Personnel to be involved in the DR Process

Personnel
NamePositionTelephoneEmail Address
Jane DoeCTOXXX-XXX-XXXX[email protected]
John DoeDisaster Response CoordinatorXXX-XXX-XXXX[email protected]

Application and Inventory Profiles

AllCode runs solutions on AWS. These solutions leverage Amazons Simple Storage Service, Amazons Elastic Compute Cloud instances, Amazons Relational Database Service, Amazons Route 53, and Amazons Elastic Load Balancing Services.

Amazon Simple Storage Service (Amazon S3) provides a highly durable storage infrastructure designed for mission critical and primary data storage. Objects are redundantly stored on multiple devices across multiple facilities within a region, designed to provide a durability of 99.999999999% (11 9s). AllCode runs AWS in conjunction with CloudFront, which distributes the content redundantly across the globe

Amazon Elastic Compute Cloud (Amazon EC2) provides resizable compute capacity in the cloud. In the context of DR, the ability to rapidly create virtual machines that you can control is critical. AllCode creates primary EC2 instances in N. Virginia, and redundant instances in Oregon. Deployment code is written to roll out to instances in both regions.

Amazon Relational Database Service (Amazon RDS) makes it easy to set up, operate, and scale a relational database in the cloud. AllCode leverages RDS in multiple regions by having a master running in North Virginia, and read replica running in Oregon.

Amazon Route 53 is a highly available and scalable Domain Name System (DNS) web service. It gives developers and businesses a reliable, cost-effective way to route users to Internet applications. AllCode leverages DNS endpoint health checks and the ability to failover between multiple endpoints in different regions. For each EC2 instance in N. Virginia, we will provision an Elastic IP address. Elastic IP addresses are static IP addresses designed for dynamic cloud computing. However, unlike traditional static IP addresses, Elastic IP addresses enable you to mask instance or Availability Zone failures by programmatically remapping your public IP addresses to instances in the Oregon region. For DR, we always pre-allocate some IP addresses for the most critical systems so that their IP addresses are already known before disaster strikes. This simplifies the execution of the DR plan.

Elastic Load Balancing automatically distributes incoming application traffic across multiple Amazon EC2 instances. It enables you to achieve even greater fault tolerance in your applications by seamlessly providing the load-balancing capacity that is needed in response to incoming application traffic.

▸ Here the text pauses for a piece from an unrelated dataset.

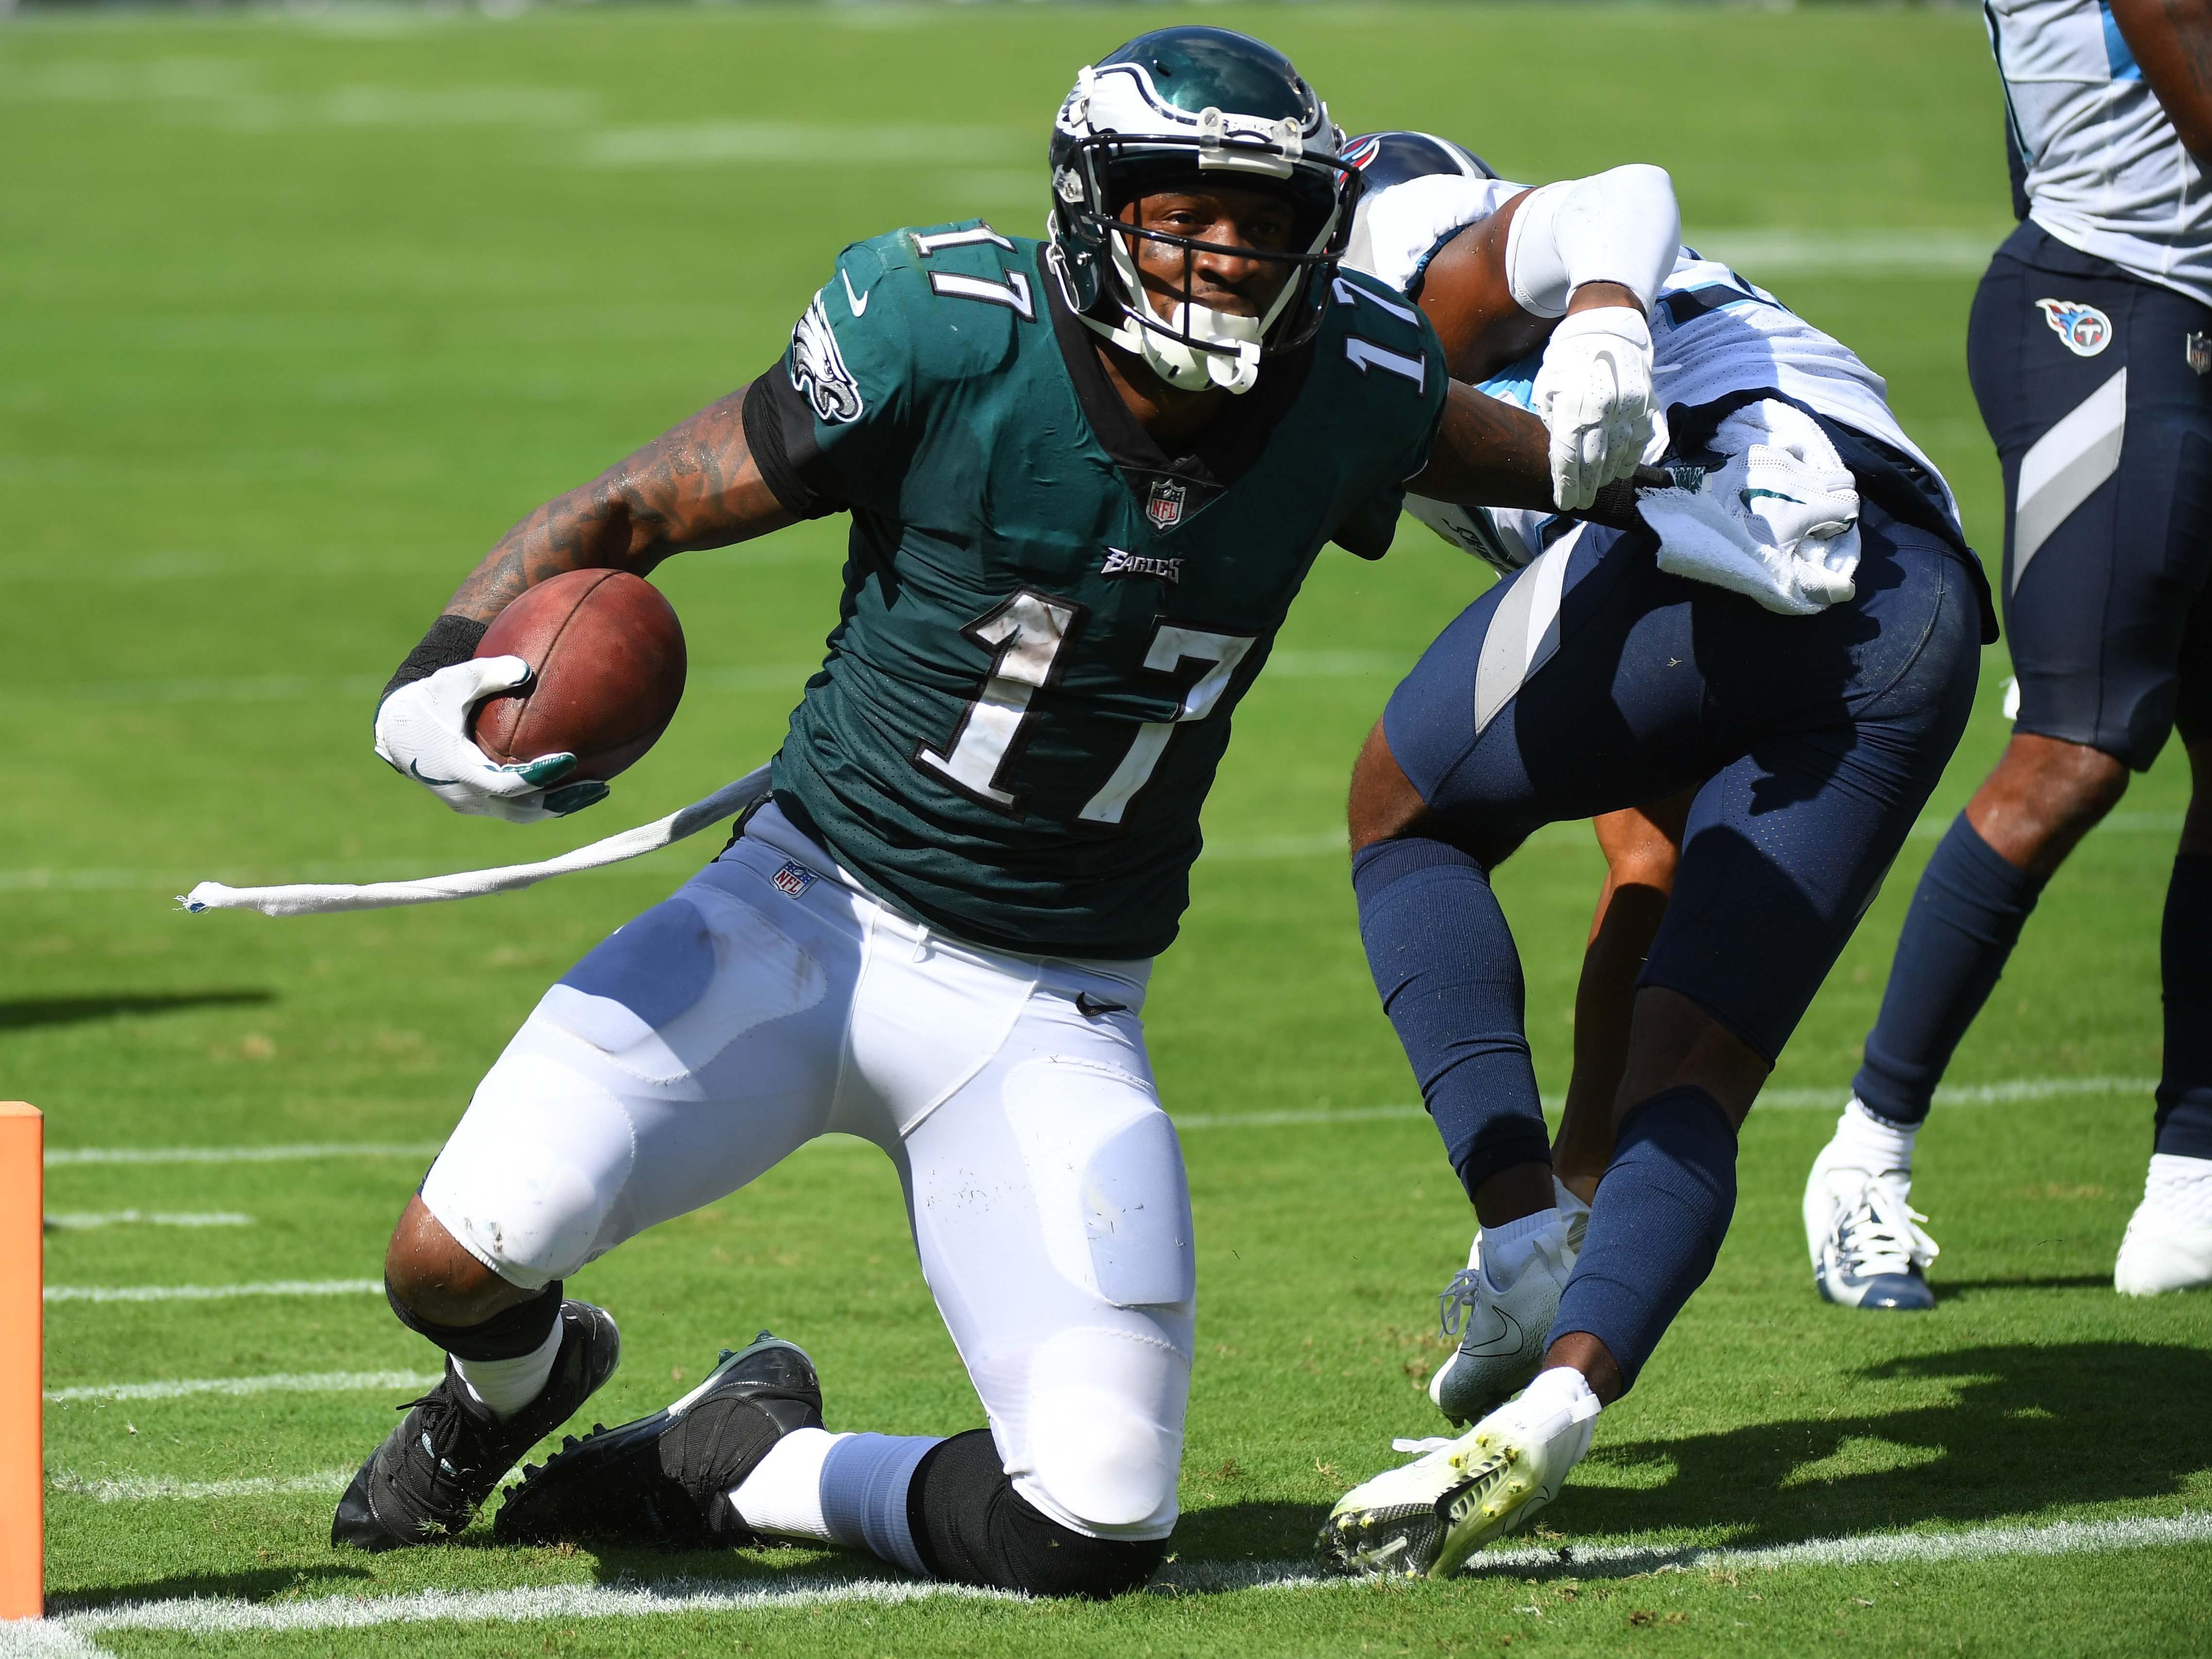 Eagles wide receiver Alshon Jeffery (17) celebrates after a touchdown against the Titans.

Just as you can pre-allocate Elastic IP addresses, you can pre-allocate your load balancer so that its DNS name is already known, which can simplify the execution of your DR plan.

 

Application nameCritical? Yes/NoFixed asset? Yes/NoMachine TypeMachine Instance
App Name 1 – Primary – N.VirginiaX XEC2t2.large
App Name 1 – Backup – Oregon XEC2t2.large
App Name 2 – Primary – N.VirginiaX XEC2t2.large
App Name 2 – Backup – Oregon< XEC2t2.large
DB1 – Primary – N.Virginia X XRDSdb.t3.large
DB1 – Backup – Oregon XRDSdb.t3.large
App Name 3 – Primary – N.VirginiaX XEC2t2.large
App Name 3 – Backup – Oregon XEC2t2.large
DB3 – Primary – N.Virginia X XRDSdb.t3.large
DB3 – Backup – Oregon XRDSdb.t3.large
AWS S3 BucketXX
AWS ELBXX

 

Information Services Backup Procedures

Infrastructure

EC2 Instances – We enable Amazon Data Lifecycle Manager to automate the creation, retention, and deletion of snapshots to back up our Amazon EBS volumes for our AWS EC2 instances. We store snapshots at a 24-hour interval.

RDS Instances – We have RDS configured to perform daily automated backups that are saved for one month. The backup window is between 9:56 – 10:26 UTC (GMT). In addition, we leverage multi-site AZ on our RDS instances which enables us to go Hot- Hot.

Personal Computers

All personal computers are backed up using CloudBerry Backup, which uploads the files to S3 . The copies of the personal computer files should be uploaded to the system on Monday at 9:56 – 10:26 UTC (GMT), just before a complete save operation of the system is done. It is saved with the normal system save procedure. This provides for a more secure backup of personal computer-related systems where a local area disaster can wipe out important personal computer systems.

Disaster Recovery Procedures

For any disaster recovery plans, the following three elements should be addressed:

Emergency response procedures

To document the appropriate emergency response to a fire, natural disaster, or any other activities in order to protect lives and limit damages.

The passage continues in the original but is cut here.